• PROBLEM DESCRIPTION
The answer is the data below, repeated exactly, with no pictures included.

• RAW DATA
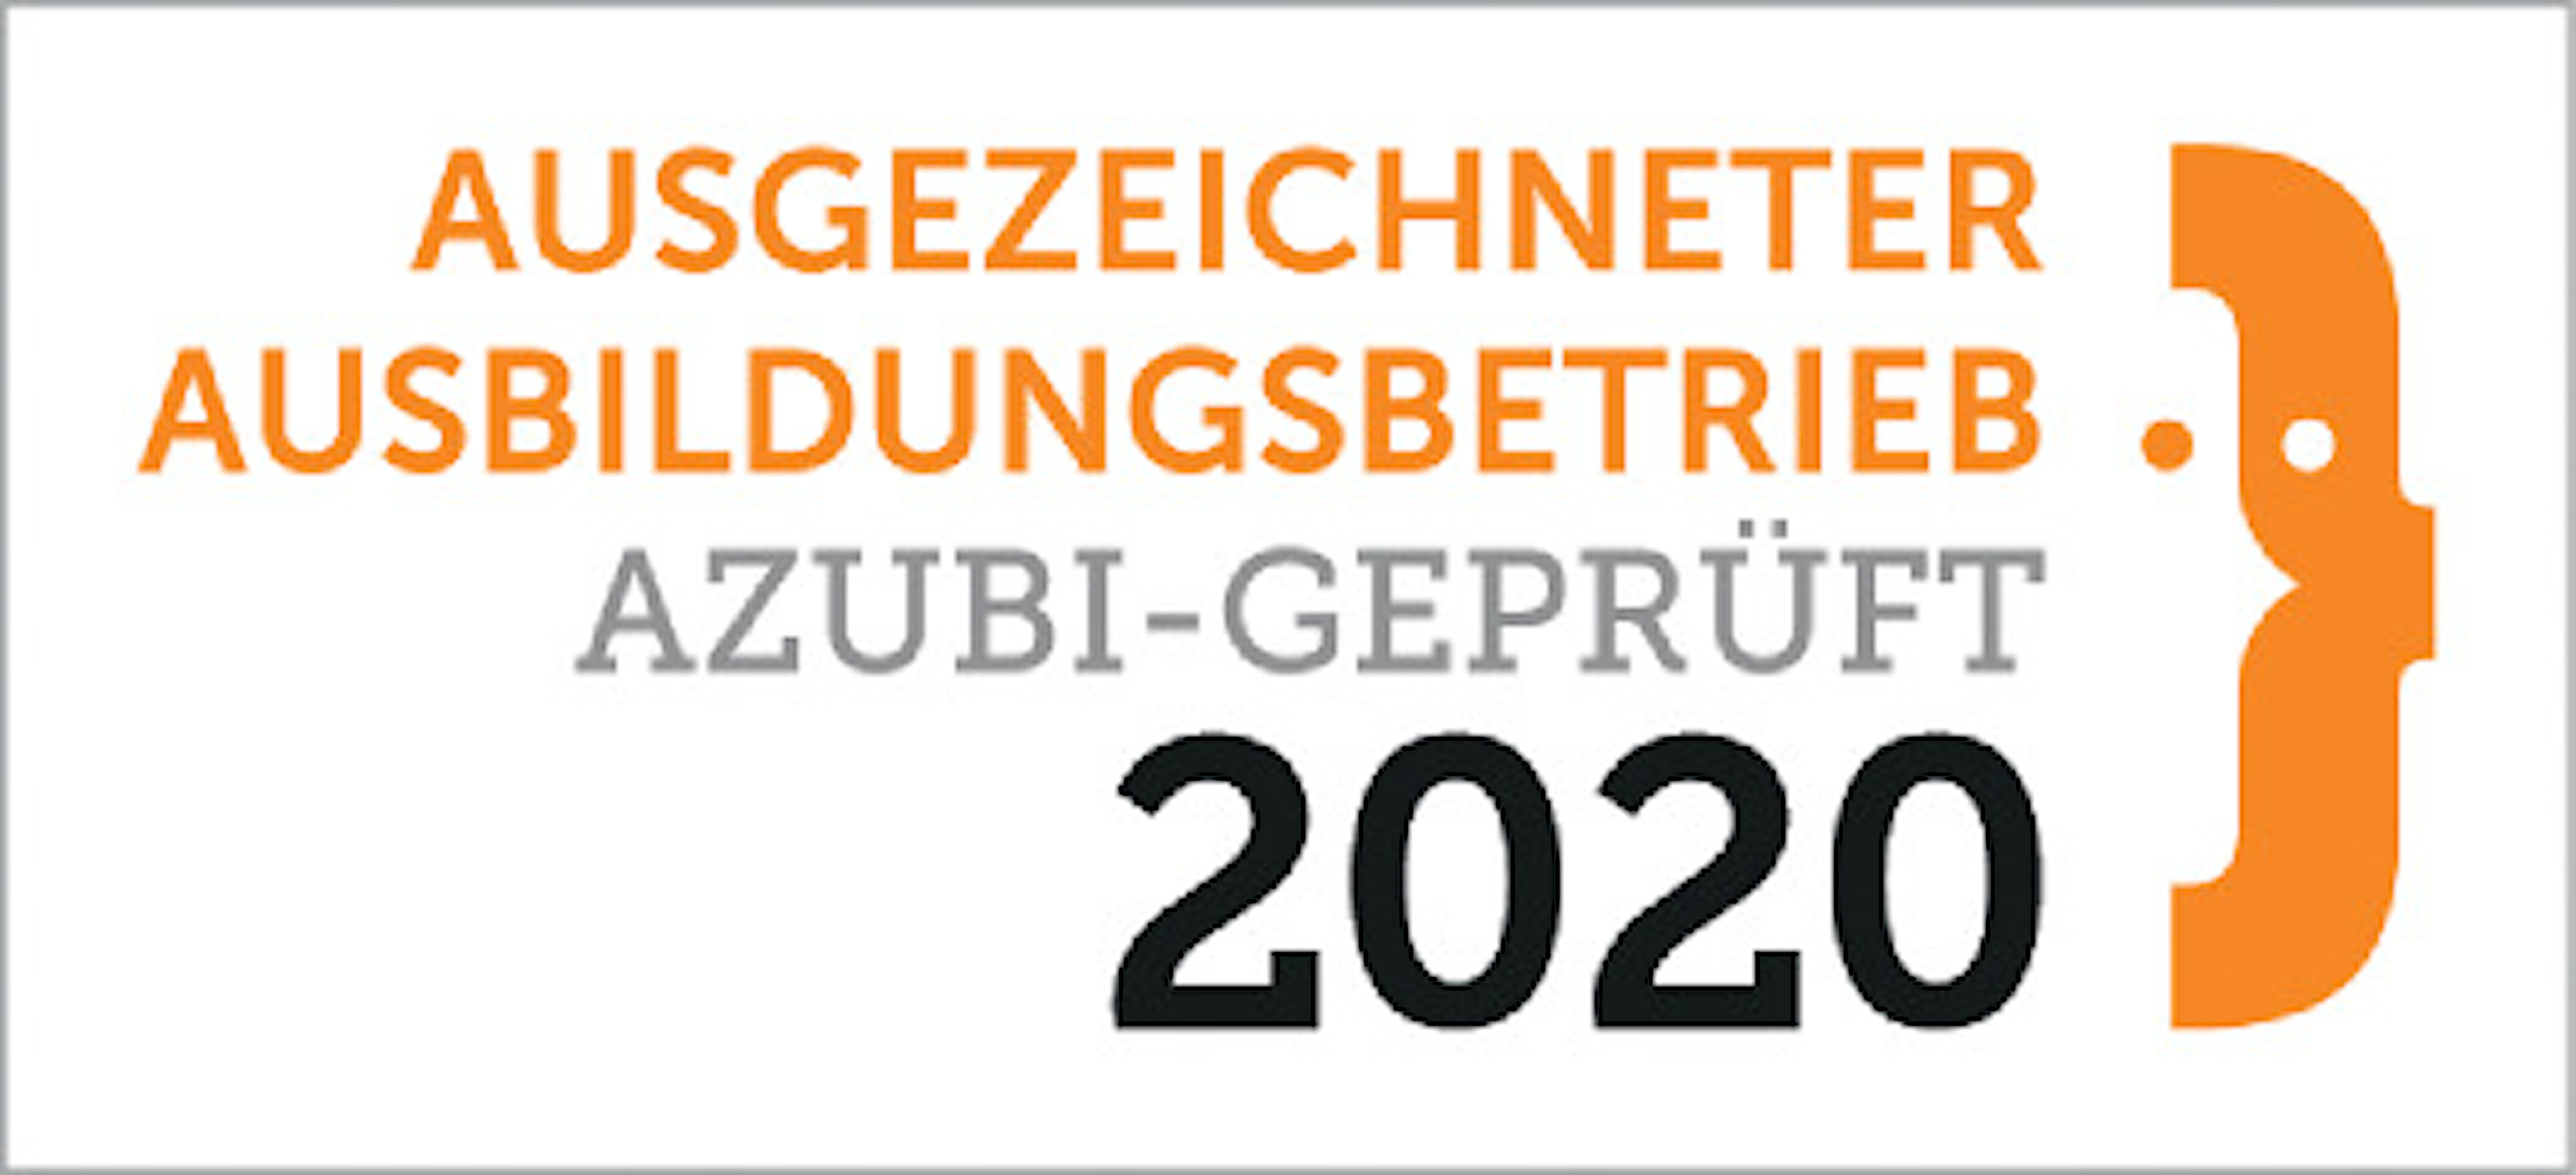 Ausgezeichneter Ausbildungsbetrieb 2020
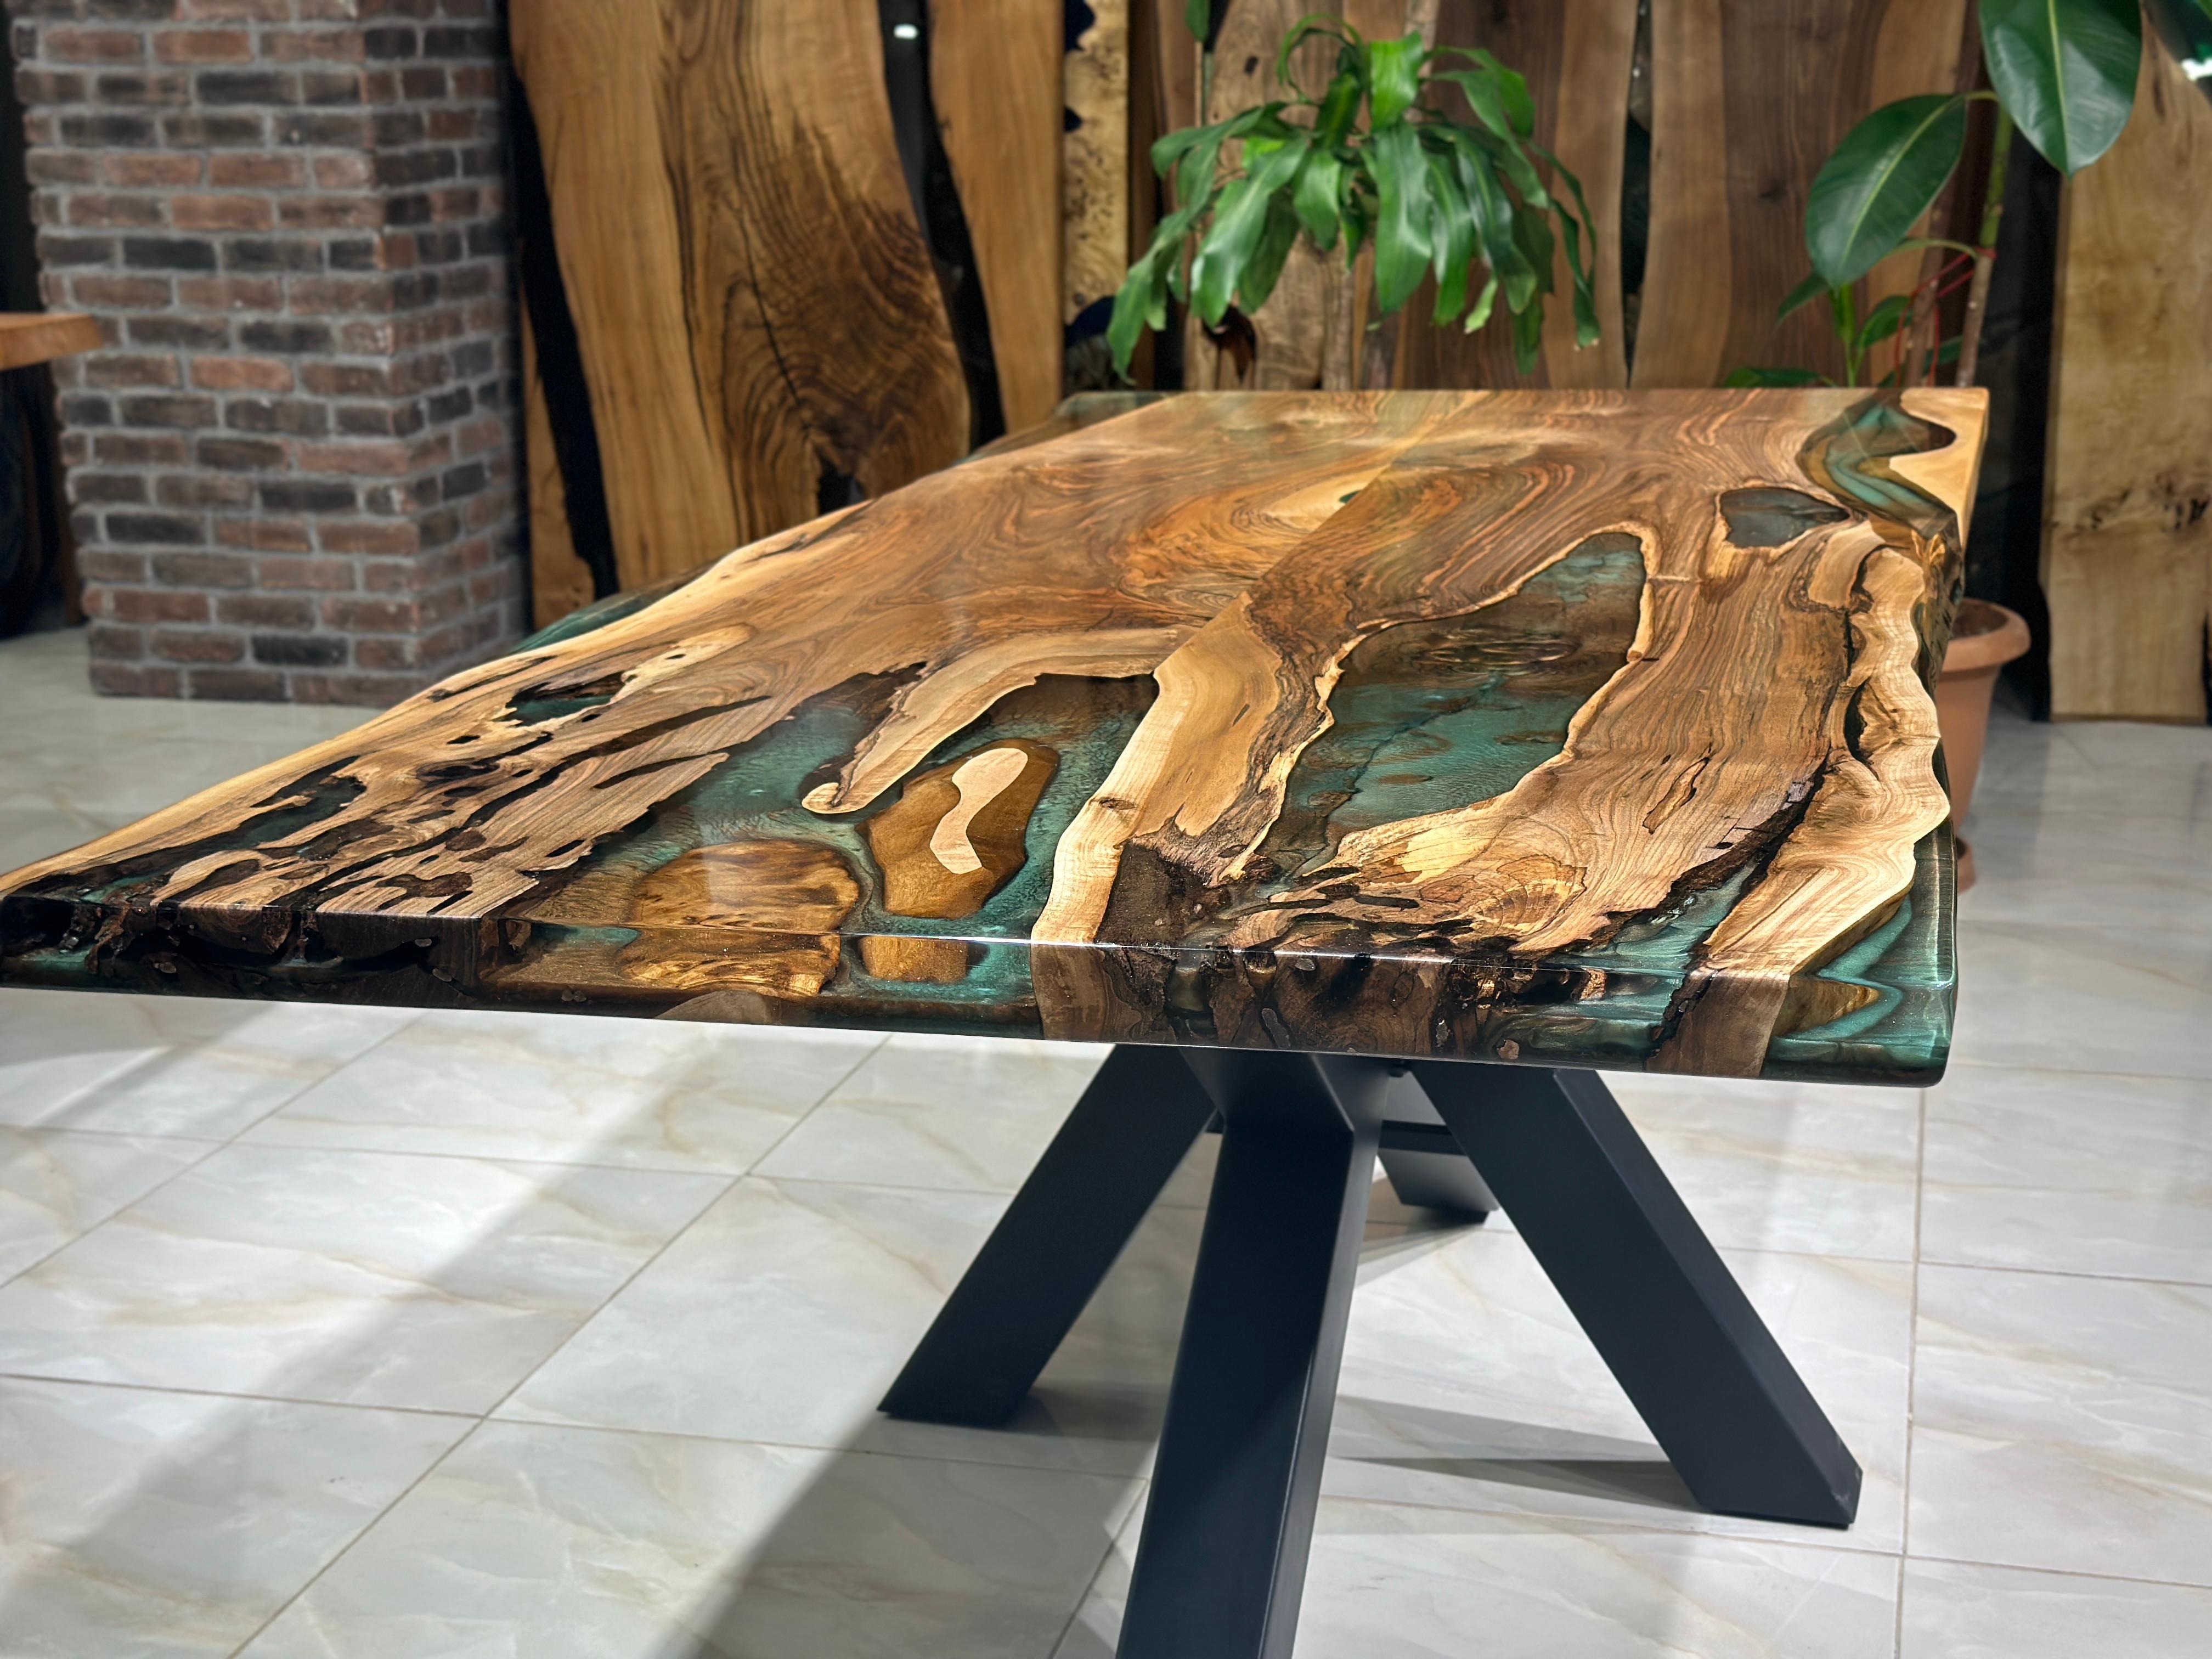 TABLE DE SALLE À MANGER EN RÉSINE ÉPOXY VERT NOYER - BRUN

Cette table en époxy émerge comme une œuvre d'art unique, inspirée par la beauté de la nature. 

La table en époxy se distingue non seulement par son design mais aussi par sa durabilité.

• RESPONSE
 Ausgezeichneter Ausbildungsbetrieb 2020
 TABLE DE SALLE À MANGER EN RÉSINE ÉPOXY VERT NOYER - BRUN

Cette table en époxy émerge comme une œuvre d'art unique, inspirée par la beauté de la nature. 

La table en époxy se distingue non seulement par son design mais aussi par sa durabilité.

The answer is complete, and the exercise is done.